* [Exercise prompt]: Among the entries below, one line contains "women in business - Natalie Tolhopf" and another contains "Hbd Cat Birthday". Transcribe those two lines and every line between them, exactly.

* [Provided records]:
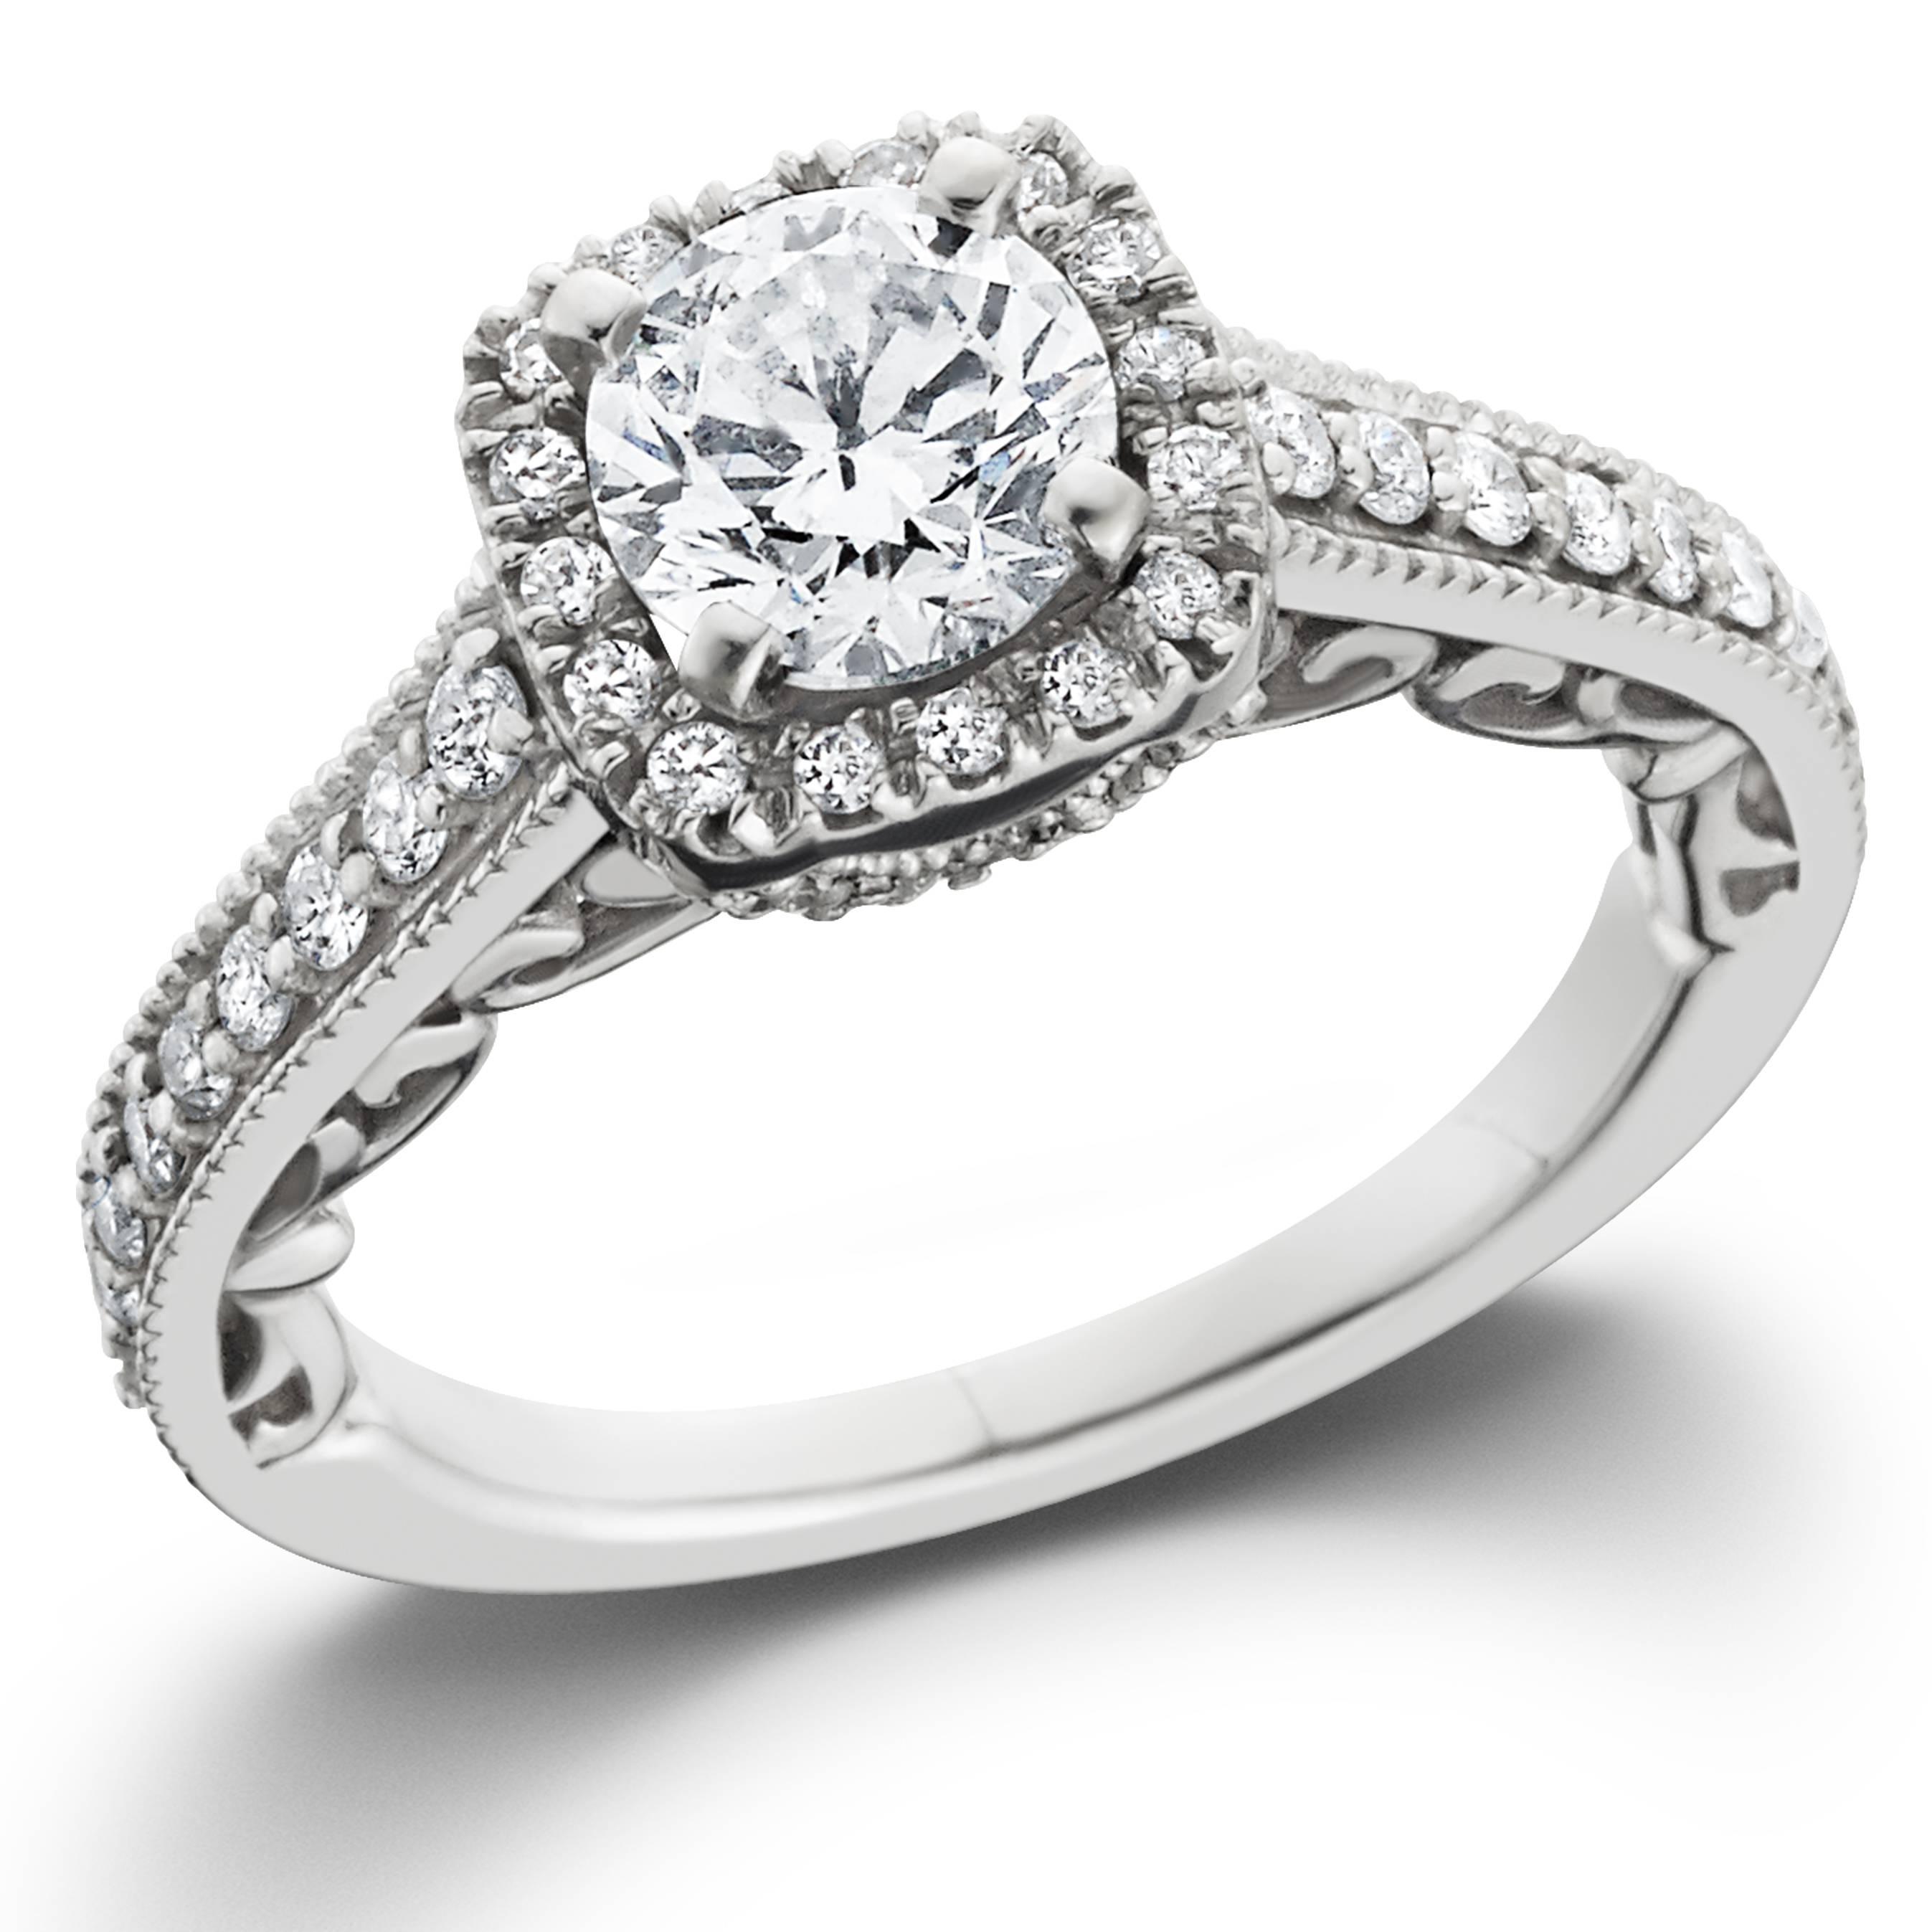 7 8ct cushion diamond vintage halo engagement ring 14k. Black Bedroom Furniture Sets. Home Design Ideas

--

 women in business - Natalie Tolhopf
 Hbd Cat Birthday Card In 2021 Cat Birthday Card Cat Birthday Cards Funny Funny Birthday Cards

* [Solution to this task]:
 women in business - Natalie Tolhopf
 Hbd Cat Birthday Card In 2021 Cat Birthday Card Cat Birthday Cards Funny Funny Birthday Cards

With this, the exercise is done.